Humor Magazine
When a kitty’s eighth birthday comes around, one is obligated to attend the party, even if doing so may require that you call in to work with eye problems the next day.
Honestly, with the kind of hangover one is likely to have, you’re not going to be able to see going in.
That was Part One.
And when the party is at Nye’s, 30 hep cats drinking gin and tonics, snacking on pureed gerbil on toast points and song-bird terrine, and the birthday kitty’s ex walks in the door?
Well, that was Part Two.
Today?
Read on, won’t you?
“Liza Bean! No!”
Her tail is now four times its normal size. Liza Bean Bitey, co-author of “Think And Grow Bitey” and Minnesota State Fair blue ribbon winner in landscaping design, has dropped her head, her ears pinned back.
Fuzzawald Tiberius Strippersson, formerly of the Hennepin County Lock-Up Strippersons and exboyfriend of Liza Bean Bitey, has come down the stairs, and now stands at the bar, where the paws of a dozen cats are raised in greeting.
The cry goes up: “Fuzzy!”
“Liza Bean!” I drop my drink onto the table next to us, grasp her by the scruff.
Her front legs dangle.
The cat whirls on me, takes a swipe that, mercifully, is off the mark. “Let me go!” she hisses. “Let me go now!”
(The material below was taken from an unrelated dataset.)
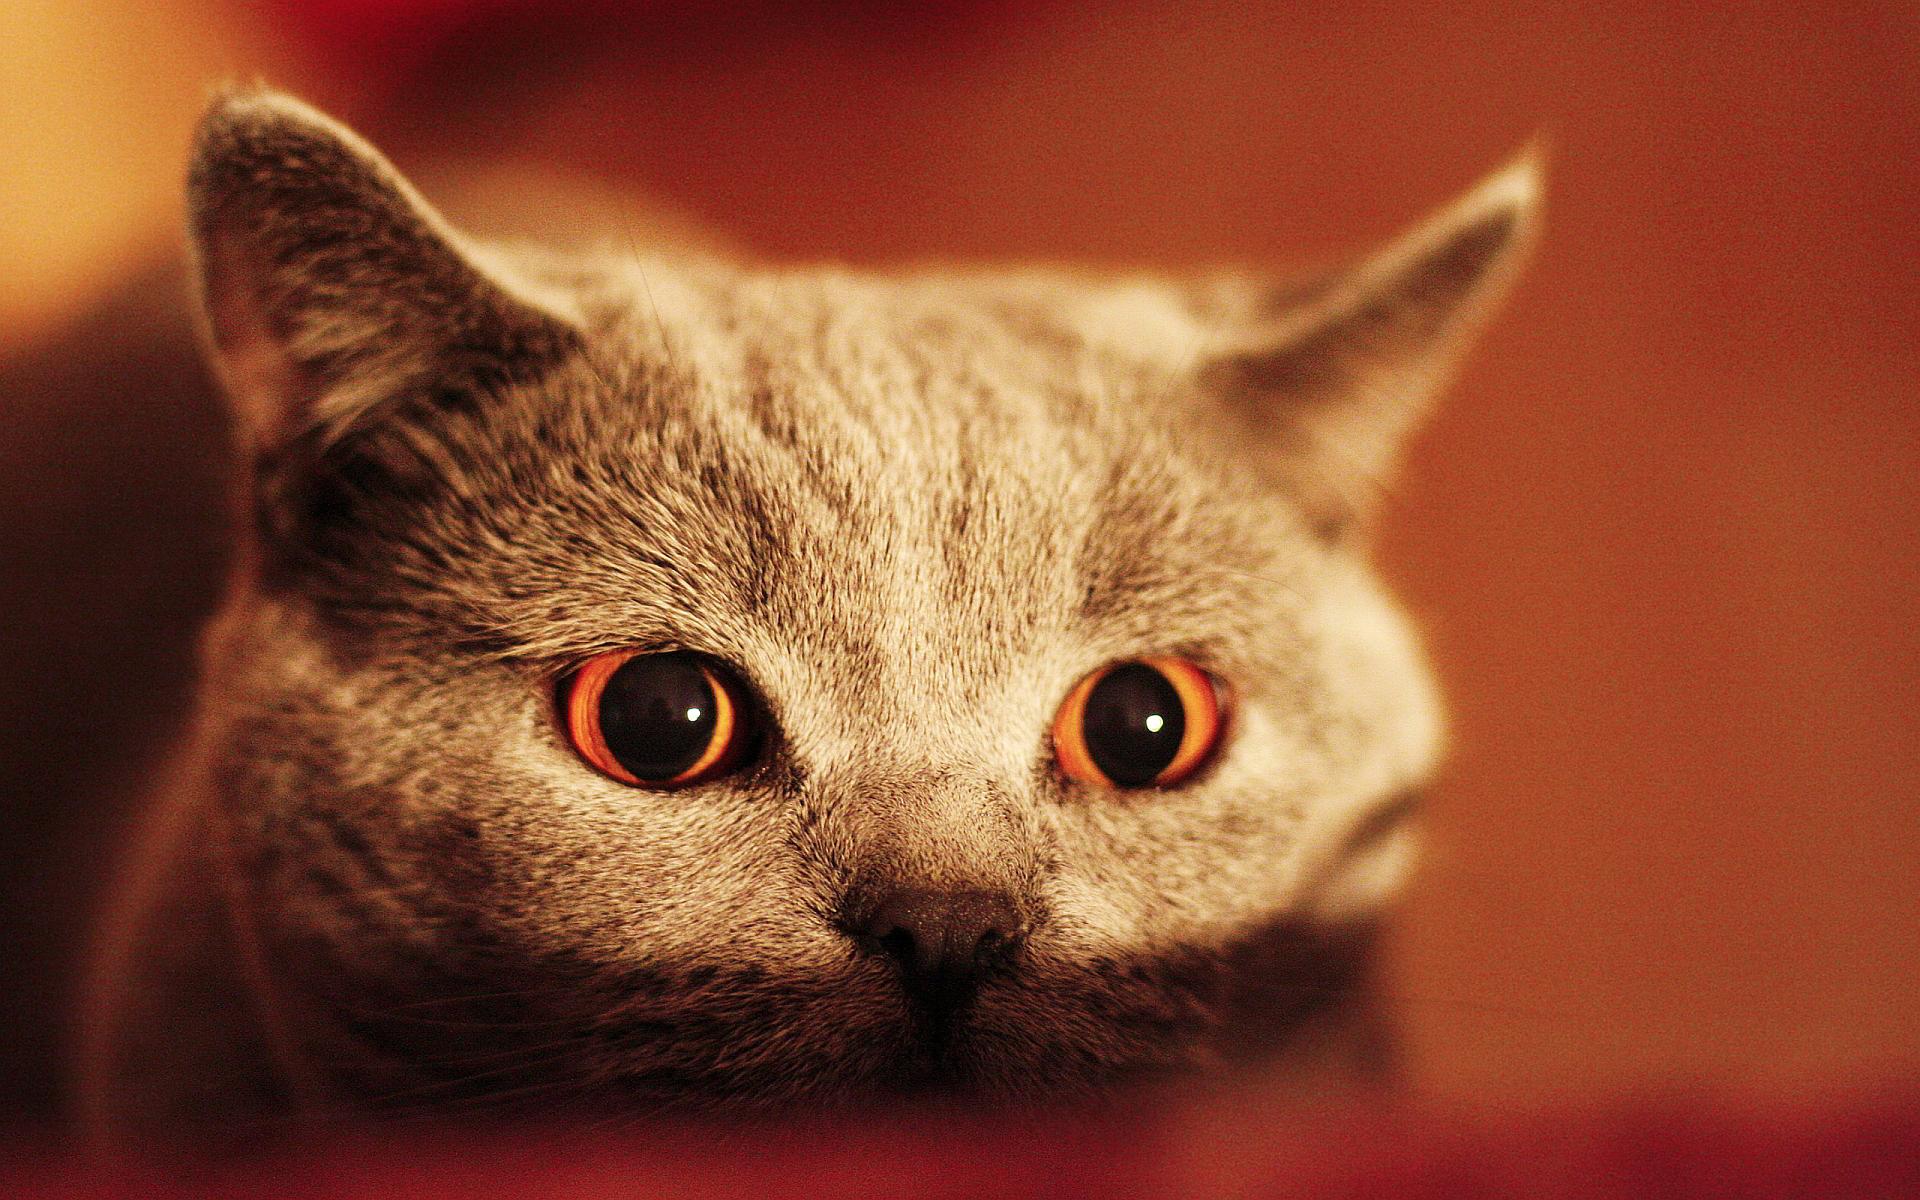 Scary cat eyes

I shake my head. “Not until you calm down.”
She takes another swipe, but this one is more for show than anything else.
I take a seat, pull the cat on to my lap.
I hand her my gin and tonic.
“Drink,” I say.
She sighs. She leans forward, wraps tiny black lips around the straw, finishes my drink in one long pull.
When she lets go of the straw, she takes a deep breath.
“Better?” I say.
She smiles brightly. “I’m better,” she says.
I squint at her, cock my head to one side.
She laughs, the sound of champagne poured over ice. “Really, Pearl. You know how mercurial a birthday kitty can be. I’m fine. Let me go.”
I smile back. “No.”
She scowls. “Seriously, Pearl. Yes, he hurt me. And no, I don’t plan on forgiving or forgetting, but he’ll get his soon enough.” She pauses. “I’m just not sure that it’s up to me to make sure that happens.”
In the center of a room full of drunken, joyous cats, there is calm at our table.
“I will always love him,” she says. “And we will never be together again.”
I pause. “That’s surprisingly mature of you, Liza.”
She smiles, a small, rueful smile. “Well, I am eight, you know.”
I lean forward, kiss her on her tiny striped forehead. She narrows her eyes slowly, a small smile on her lips.
“Liza Bean Bitey!”
The moment is broken by the appearance of Fuzzwald.
Liza Bean briefly tenses. She stands, leaps from my lap to the table.
I raise my arm, two fingers in the air. A woman in black pants and a starched white shirt appears with two gin and tonics, extra limes. Liza Bean pulls a five from somewhere on her body, presses it into the waitress’s hand.
“A server among servers,” she murmurs.
Liza Bean lifts a lime, squeezes it thoughtfully into her drink, drops it on to the table. She picks up a second lime. “Fuzzwald,” she says. She appears to be addressing the drink. “How kind of you to stop by.”
Fuzzwald T. Stripperson, AKA “Fuzzy”, one-time and disgraced heir to the Stripperson foundation garment dynasty and rakish cat-about-town, smiles. “You look fit,” he says.
Liza Bean squeezes a fourth lime into her drink, stirs it with one casually extended claw. “You’ve no idea,” she says.
There is an uncomfortable silence, one that Fuzzy uses to gaze around the room.
His gaze stops on a stunning Abyssinian at the back of the room. Lithe and dangerous, the cat is holding court amongst a group of enthralled Toms.
Liza Bean’s gaze follows his. Her nostrils flare. She says nothing.
“I know so many of the cats here,” he says, casually. “But I don’t know her.” He smiles, an oily expression that makes me want to slap him. “Who is she?”
Caught in the drama, I look to Liza Bean, who smiles back at him.
“Perhaps an introduction is in order,” she says.